Are there any students that you still remain in contact with?

Oh, yes, but none of them live in Lansing. 

How many students would you say graduated from the Westside News?

Fifteen. Some of them were already in college and others were at Sexton, Everett and Eastern. One of the Westside News grads is a superintendent in Ann Arbor. One of the writers went on to The New York Times writing editorials. Two of them are lawyers. Four or five of them are journalists. Two are college professors. There are others that I have no idea where they are, but those kids that were on the Westside News, it was amazing.

What has kept you in Lansing?

Well I always had jobs. Lansing is a good place to raise kids. Lansing schools are not as good as they used to be, but my kids did really well.
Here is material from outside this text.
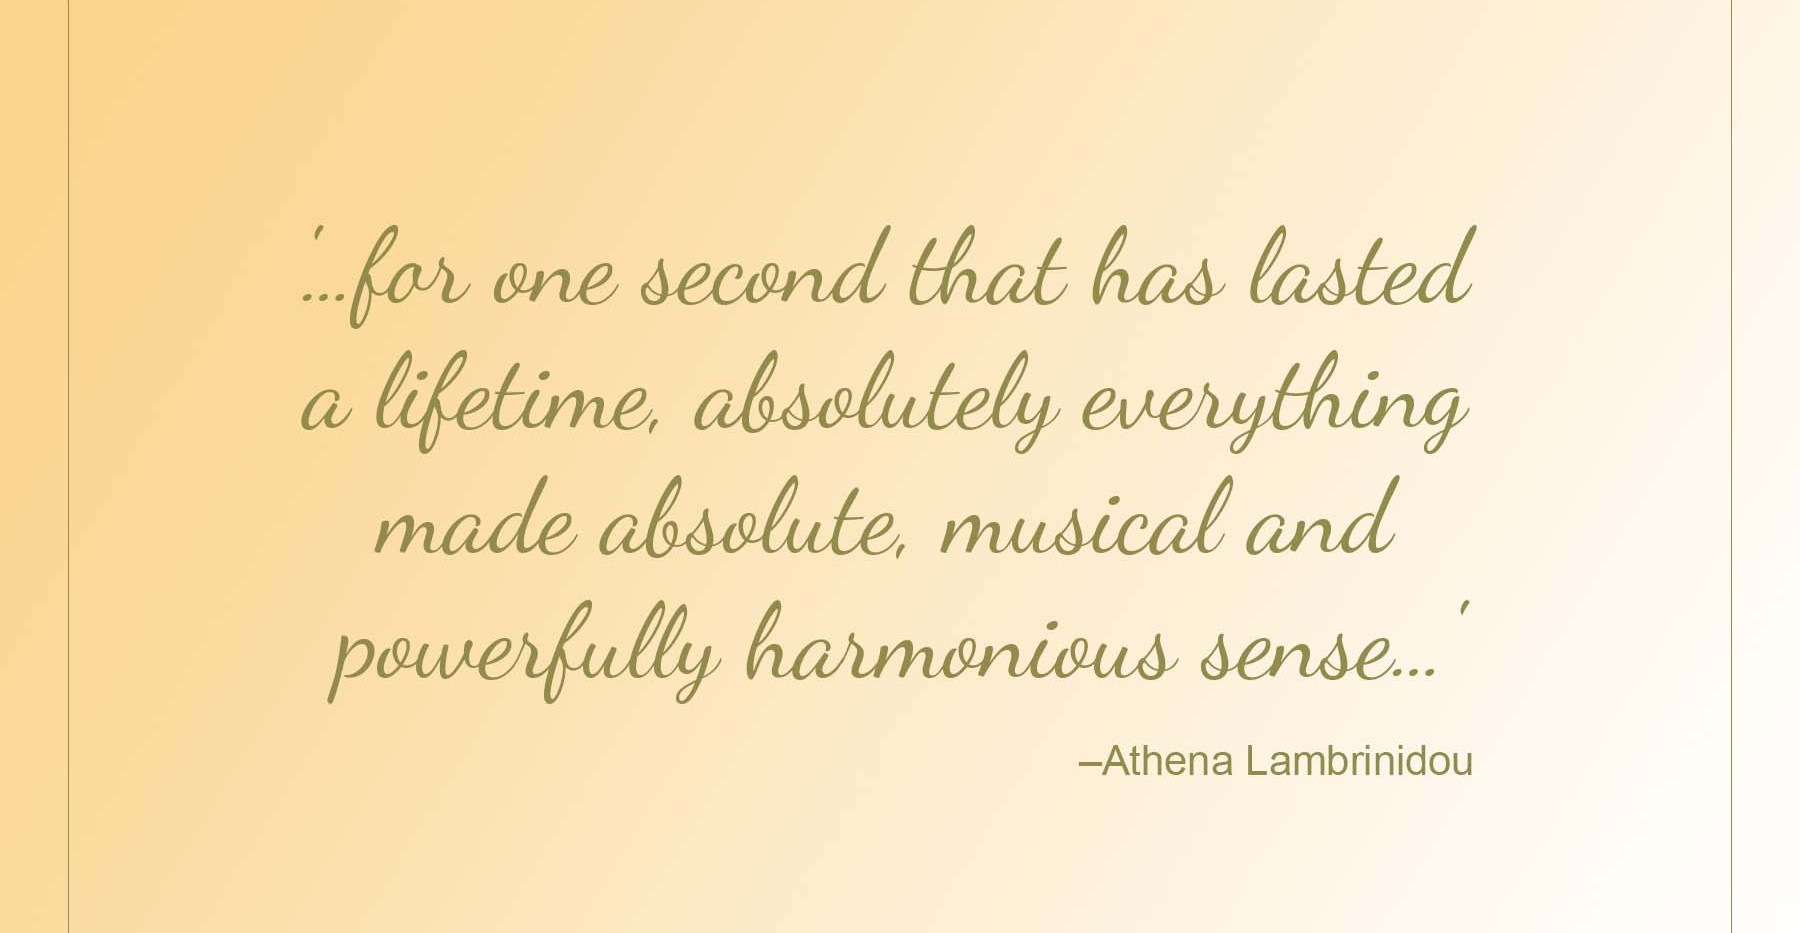 Sisters Quote - Athena Lambrinidou
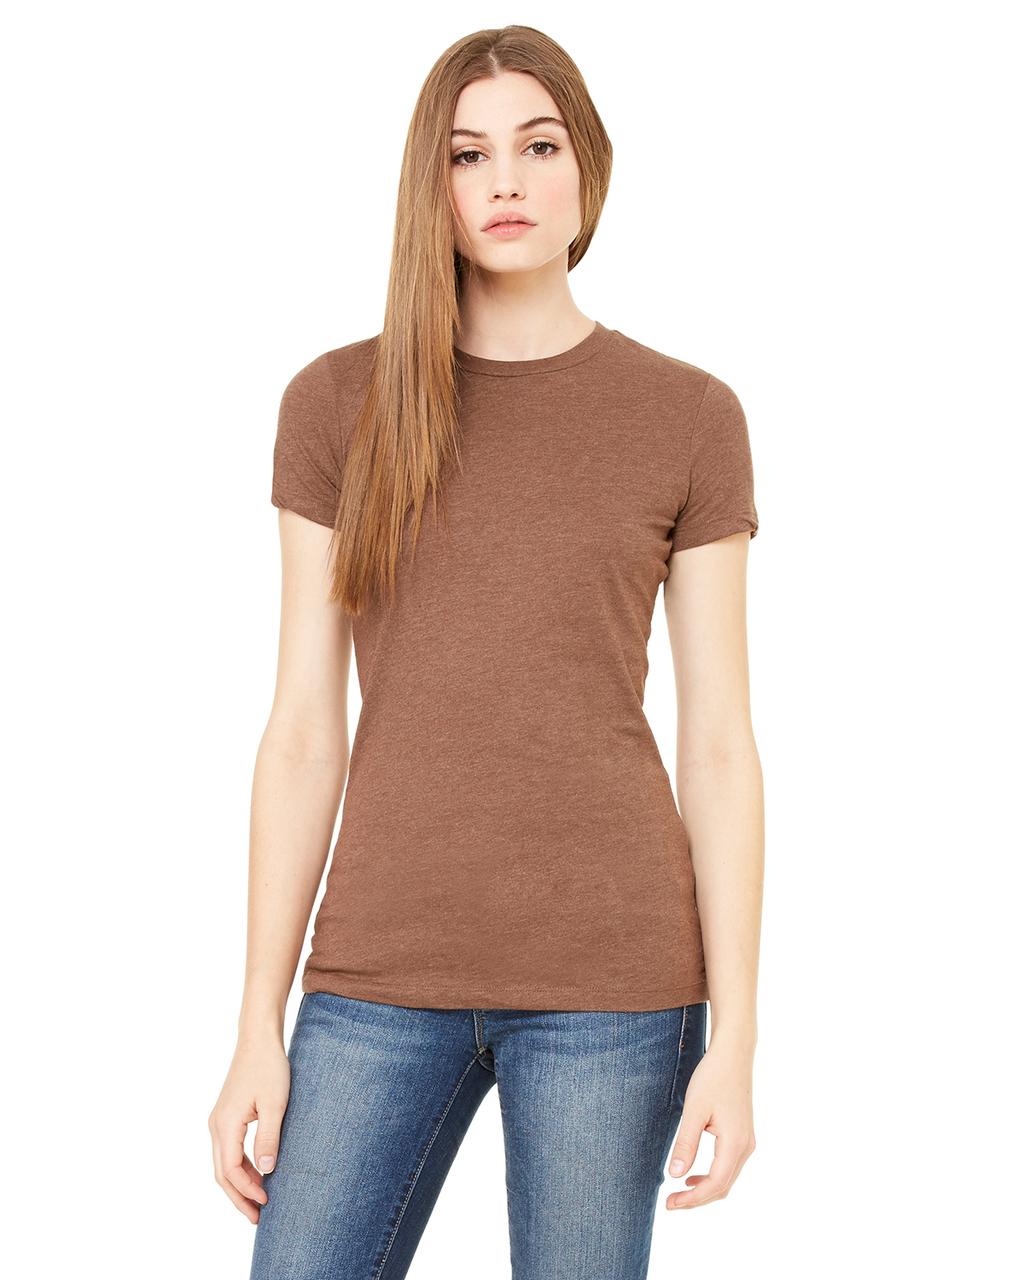 Bella Ladies//Womens The Favourite Tee Short Sleeve T-Shirt

It’s not without problems, but there is no place in this country without problems. I’ve never had problems finding a group of people here to work on the issues that I felt concerned about. Sometimes you make progress and sometimes you don’t.

Audrey Matusz, the author of this series, is a former arts and culture editor of City Pulse who was born in Lansing and grew up in Okemos. She is a graduate of the Residential College of the Arts and Humanities at Michigan State University. She is a digital and instructional designer for the Michigan Victim Advocacy Network.